Institute for Biology of Stem Cells, Department of Biomolecular Engineering, University of California Santa Cruz, Santa Cruz, California, United States of America.
PLoS One. 2010 Jan 20;5(1):e8785. doi: 10.1371/journal.pone.0008785.
Hematopoietic stem cells (HSC) are rare, multipotent cells capable of generating all specialized cells of the blood system. Appropriate regulation of HSC quiescence is thought to be crucial to maintain their lifelong function; however, the molecular pathways controlling stem cell quiescence remain poorly characterized. Likewise, the molecular events driving leukemogenesis remain elusive. In this study, we compare the gene expression profiles of steady-state bone marrow HSC to non-self-renewing multipotent progenitors; to HSC treated with mobilizing drugs that expand the HSC pool and induce egress from the marrow; and to leukemic HSC in a mouse model of chronic myelogenous leukemia. By intersecting the resulting lists of differentially regulated genes we identify a subset of molecules that are downregulated in all three circumstances, and thus may be particularly important for the maintenance and function of normal, quiescent HSC. These results identify potential key regulators of HSC and give insights into the clinically important processes of HSC mobilization for transplantation and leukemic development from cancer stem cells.

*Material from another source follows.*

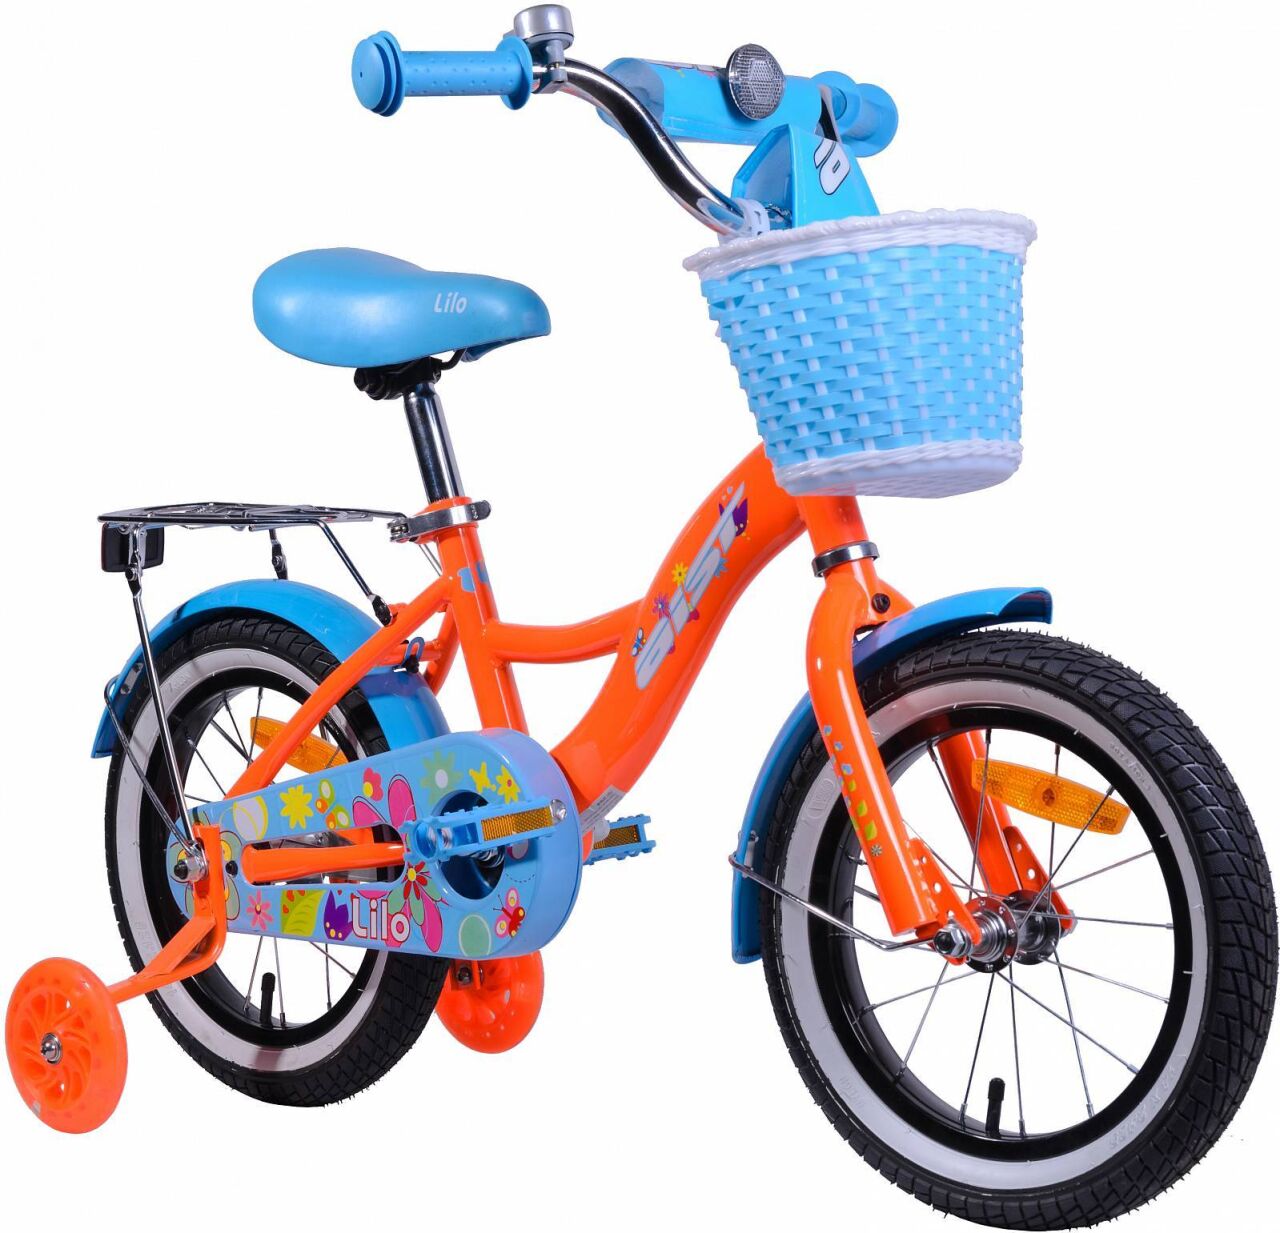 Детский велосипед Aist Lilo 14 (оранжевый/голубой, 2020)

造血干细胞(HSC)是一种稀有、多能的细胞,能够生成所有血液系统的特化细胞。适当调节 HSC 的静止状态被认为对维持其终身功能至关重要;然而,控制干细胞静止的分子途径仍未被充分描述。同样,驱动白血病发生的分子事件仍然难以捉摸。在这项研究中,我们将稳态骨髓 HSC 的基因表达谱与非自我更新的多能祖细胞进行比较;与用动员药物处理的 HSC 进行比较,这些药物可扩大 HSC 池并诱导其从骨髓中移出;并与慢性粒细胞白血病小鼠模型中的白血病 HSC 进行比较。通过交叉比较差异调节基因的列表,我们确定了一组在所有三种情况下都下调的分子,因此它们可能对维持和功能正常、静止的 HSC 特别重要。这些结果确定了 HSC 的潜在关键调节因子,并深入了解了临床上重要的 HSC 动员过程,用于移植和癌症干细胞来源的白血病发展。